Seeing that he needed encouragement, I called: “Friend, why have you come?”
He let out a groaning roar, rushed headlong upon me, clasped my shoulders, burned my cheek with a passionate kiss.
Released me.
Astonished, I gazed at the beloved self-sacrificing wretch who now stood trembling and downcast.
A soldier’s hand gripped and shook my shoulder; a Roman snarled in my own tongue, “You are Jesus of Nazareth?” Almost I laughed at his bad accent…
But abruptly I comprehended Judas!
Knew what sign he had arranged with the soldiers. Knew why THAT sign!
“Judas,” I murmured, trying in my poor inadequate human-animal voice to convey all the love of a master and a friend for the friend who has been willing to give, not merely his life, but his soul…“Judas—it is with a kiss that you betray me?”
Then there was confusion, and a sword flashed…
But the point of the sword was only the prodding digit of Dubois. I held my Von Eltz hauteur as I came
awake. “There is, of course,” I suggested dryly, clearing the dream, “a reason for disturbing me?”
Gruffly said Dubois: “You are wanted on the terrace. The man Leroy Guyon is here.”
I meditated a moment; then I nodded, and arose, and went to a lavatory to make myself presentable. Emerging, I considered Dubois, who stood stolid awaiting me. Within myself I was quelling profound disturbance. It was another recurrence-dream, I was telling myself. Always it is a dream of recurrence. Dreaming is hardly any longer a continuity in my present. At least, awake, there is no recurrence—or I am not conscious of Dubois waited.

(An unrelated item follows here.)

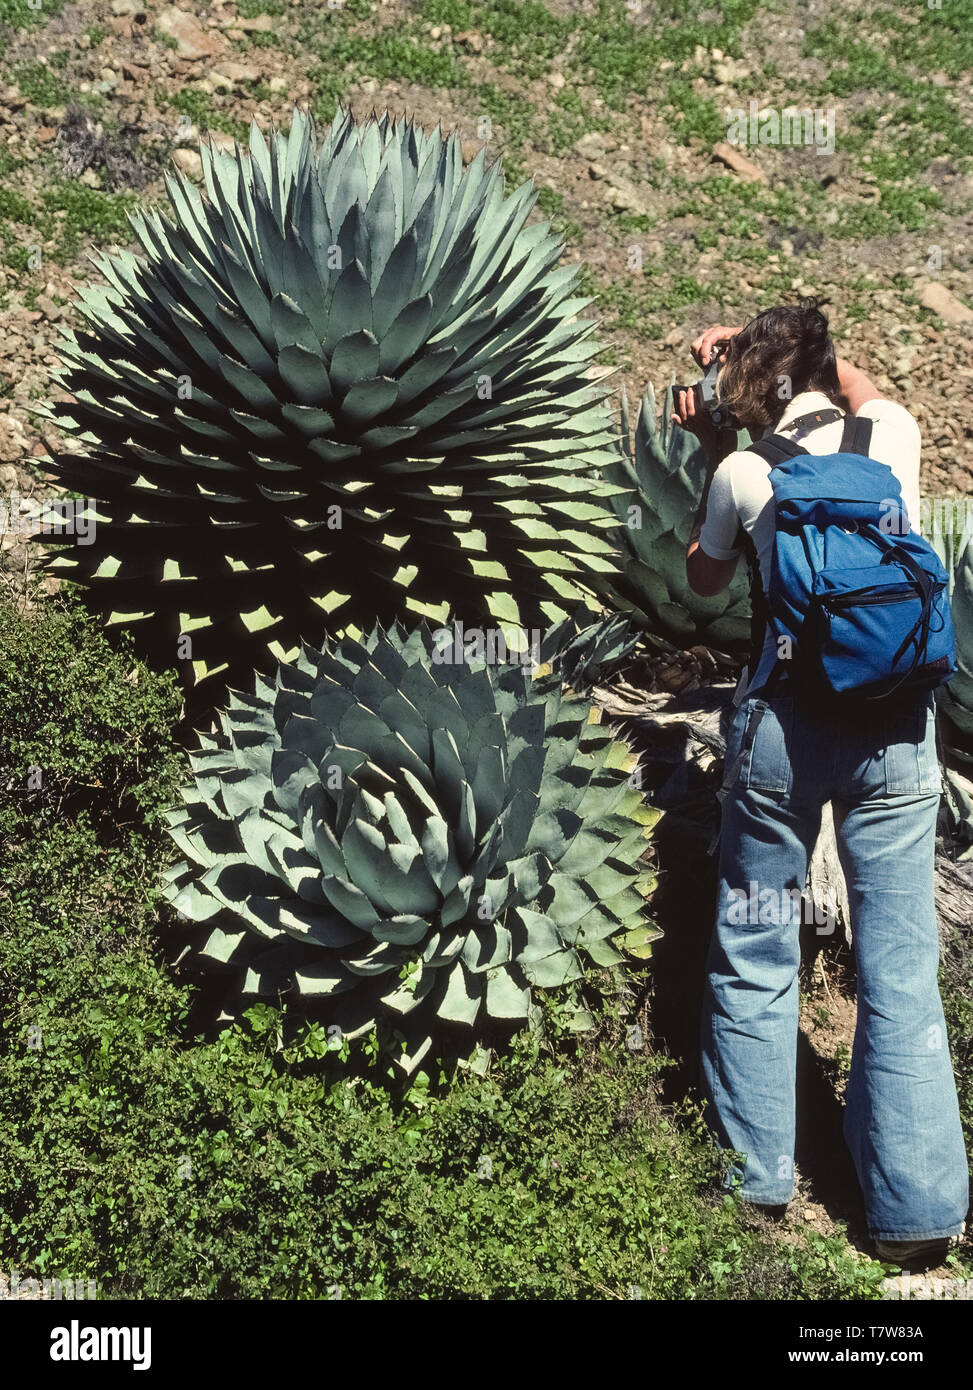 The large fleshy leaves of an Agave sebastiana (Silver Lining) plant are being photographed close up by a woman visitor to Cedros Island in the Pacific Ocean on the west coast of Baja California in Mexico, North America. Also known as the Cedros Island agave, this succulent grows in a rosette pattern that can be as wide and as tall as 3 to 5 feet (.91-1.5 meters). There are nearly 200 species of agave plants, including one used to make tequila, the popular Mexican liquor. Agaves are sometimes confused with cactuses, which come from a different plant family. Stock Photo

Although, I reminded myself with a frosty quarter-smile, this time, at least, there was a touch of creativity. Judas was obeying a command; he was a hero.
Shrugging, I looked at Dubois, raised an interrogatory eyebrow, and pointed to a door. Nodding, Dubois went and opened it, standing back.
I, Gauleiter Von Eltz, emerged onto my terrace, grandly overlooking the crowd-peopled garden that sloped downward to the bank of the River Maon.
My soldiers were handling Leroy Guyon even more roughly than the priests had done: they crushed the cuffs into his wrists, which they twisted behind him at an odd angle—and it was scientifically done, so that when they barely touched his wrists the pain shot up his arms and down into his chest. Then they thrust Guyon out of the truck and through the crowd, using him as a buffer to knock people aside. Everybody was quiet at first, and then the crowd started to jeer.